"Google Duplex Is The Most Incredible, Terrifying Thing Out Of #Io18 So Far"

Google unveils is hyper-realistic new AI - Duplex


At their I/O developer conference this May, Sundar Pichai, Google's CEO, unveiled the company's latest project, Duplex. And it didn't disappoint.

Duplex is Google's new AI system, designed to carry out "real world" tasks. However, unlike the existing Google assistant or similar offerings from Amazon and Apple in the virtual assistant market, Duplex is a little different. The video below illuminates in a way mere words cannot.

Suffice it to say, the internet reacted:

Yaniv Leviathan, Principal Engineer, and Yossi Matias, Vice President of Engineering at Google, explain the tech in a post on Google AI Blog. Leviathan points out that "a long-standing goal of human-computer interaction has been to enable people to have a natural conversation with computers, as they would with each other." Complete with 'um's' and 'ahh's', with tonal differences in responses and not to mention a seemingly seamless understanding of requests, it would appear Google has managed to sail past another milestone on its way to finally conquering the Turing test.

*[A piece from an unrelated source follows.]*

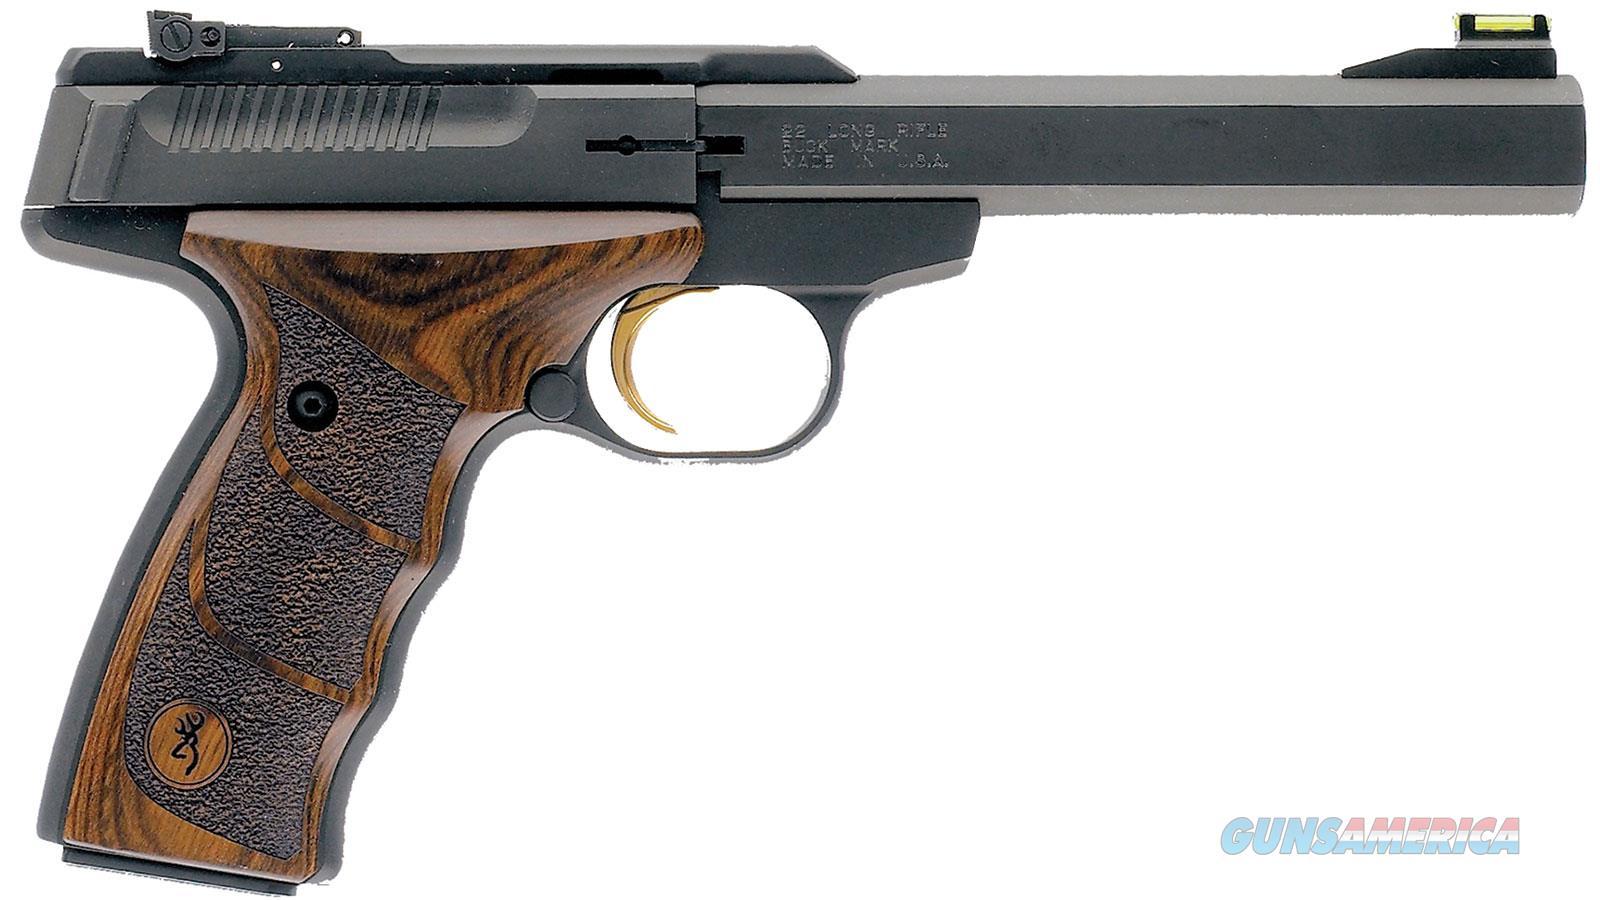 Browning Bkmk Pls Udx 22Lr 5.5 051428490  Guns > Pistols > B Misc Pistols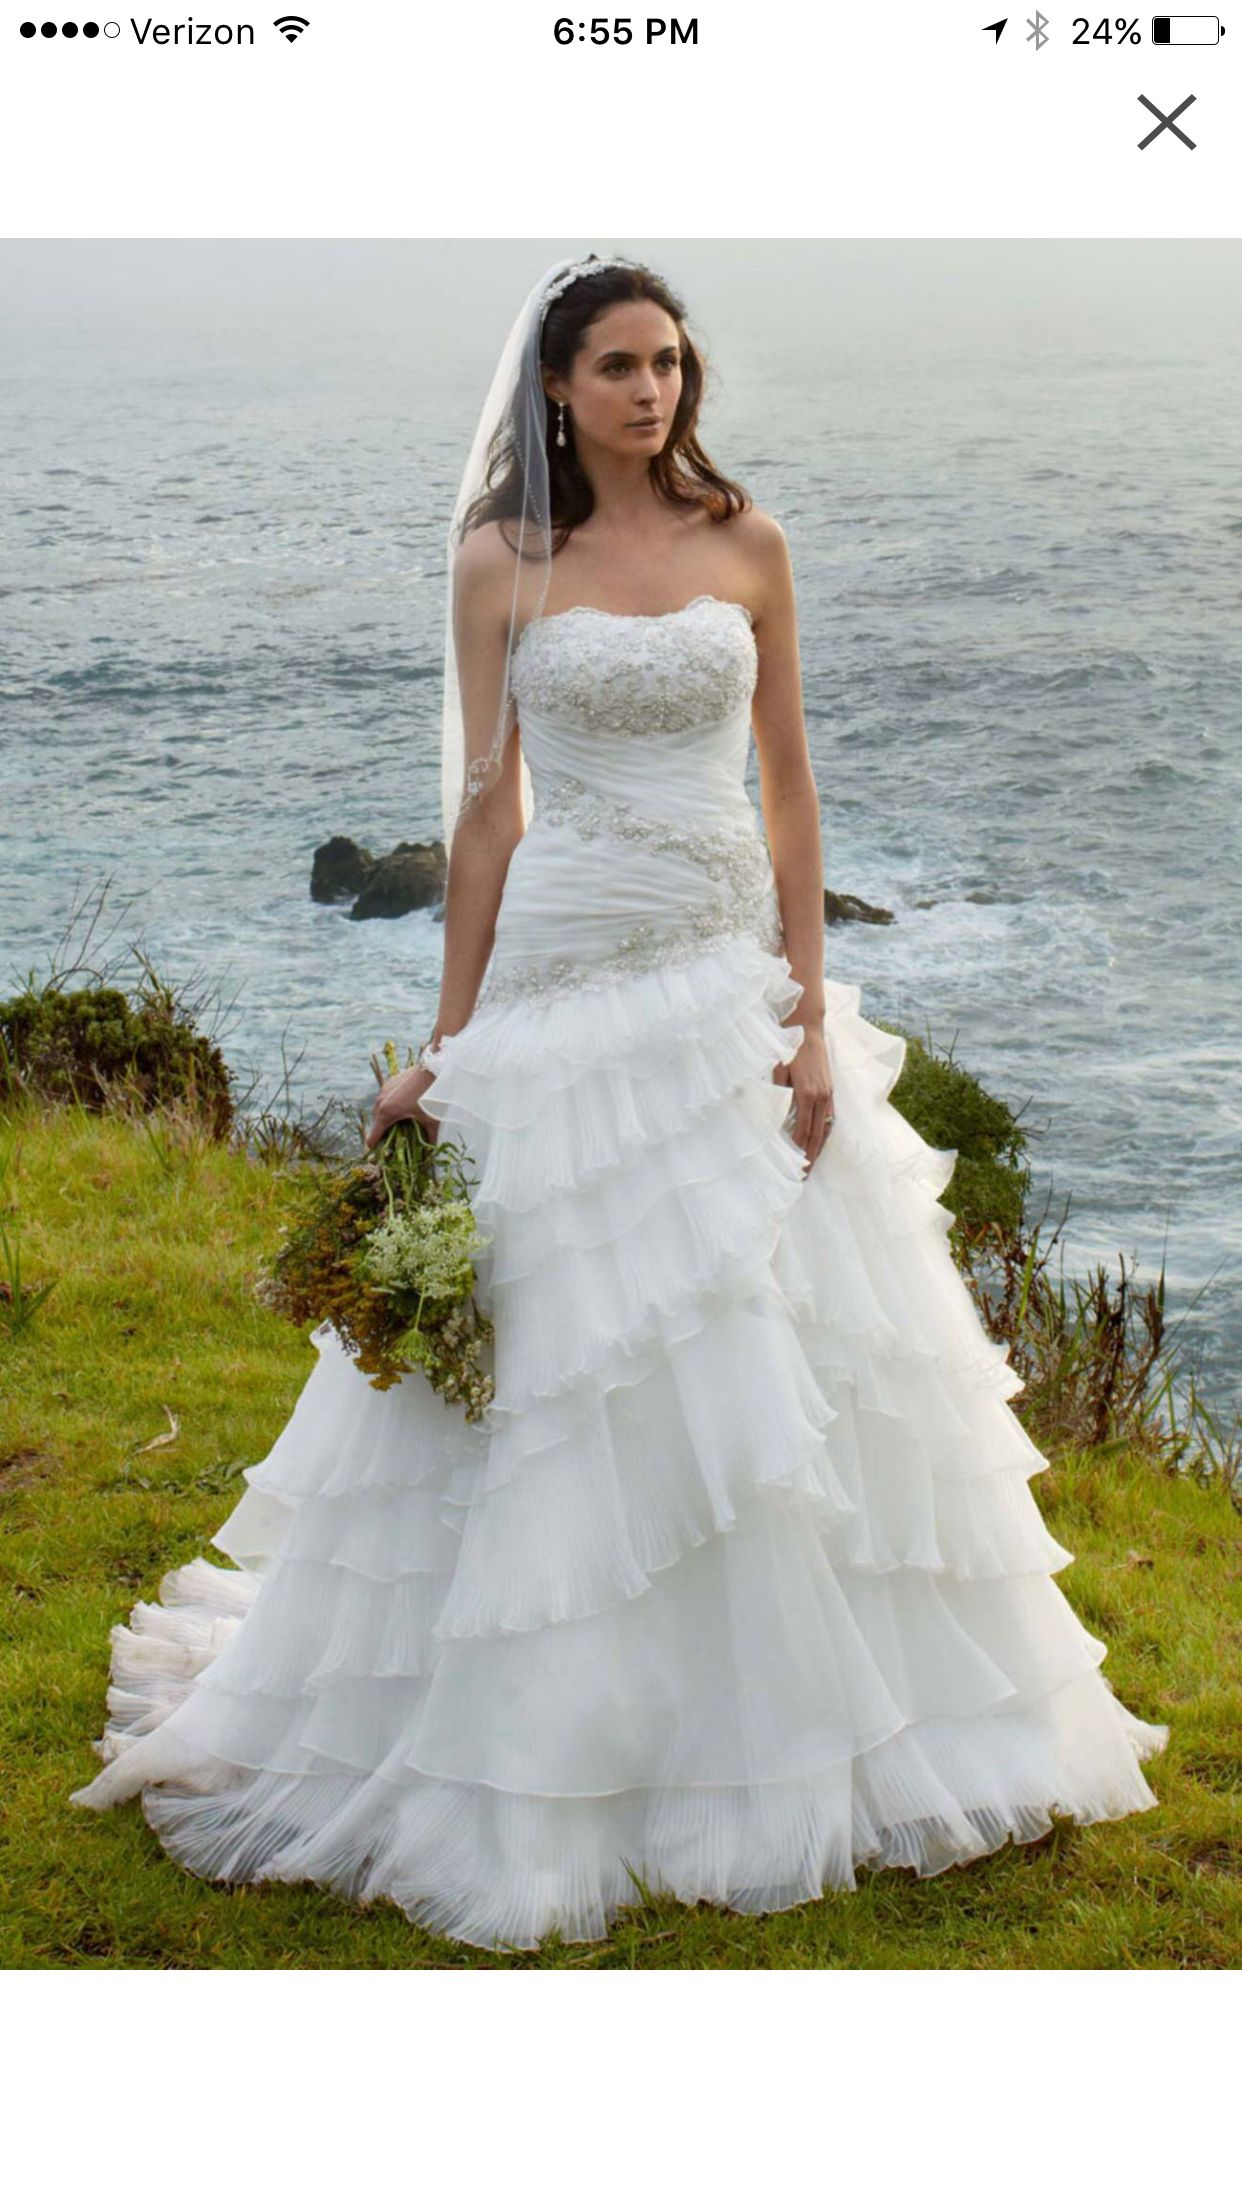 David wedding dress  Pin by Hannah Loudner on Wedding   Pinterest  Wedding

However, the recordings shared at the conference weren't live and were no doubt cherry-picked from a selection of trial phone calls. This is because, as Leviathan explains, "Duplex can only carry out natural conversations after being deeply trained in such domains. It cannot carry out general conversations". According to a release, Duplex is being trained via "anonymized phone conversations". This is where Google's overwhelming access to data comes in handy.

Nonetheless, there are a number of issues which come along with verbal conversations with people. These issues are further compounded if the person is unaware that they are talking to a machine. "Natural language is hard to understand," Mathias explains. "Natural behavior is tricky to model, latency expectations require fast processing, and generating natural sounding speech, with the appropriate intonations, is difficult."

This is why it is only capable of conducting phone calls after it's been deeply trained on that specific task. With all those difficulties that usually come along with "natural spontaneous speech", such as fast and unclear speech, phone calls add their own challenges to the problem, like background noise.

To get around this, the blog explains that Duplex's core is a "recurrent neural network (RNN) designed to cope with these challenges, built using TensorFlow Extended (TFX). To obtain its high precision, we trained Duplex’s RNN on a corpus of anonymized phone conversation data. The network uses the output of Google’s automatic speech recognition (ASR) technology, as well as features from the audio, the history of the conversation, the parameters of the conversation (e.g. the desired service for an appointment, or the current time of day) and more."

Outside of simply being another way for Google to freak us out, there is a myriad of benefits this technology offers past the superficial. The AI has the potential to help people with both language and hearing difficulties deal with every day, phone-based tasks. For enterprise, it will be able to offer "delegated communication with service providers in an asynchronous way, e.g., requesting reservations during off-hours, or with limited connectivity."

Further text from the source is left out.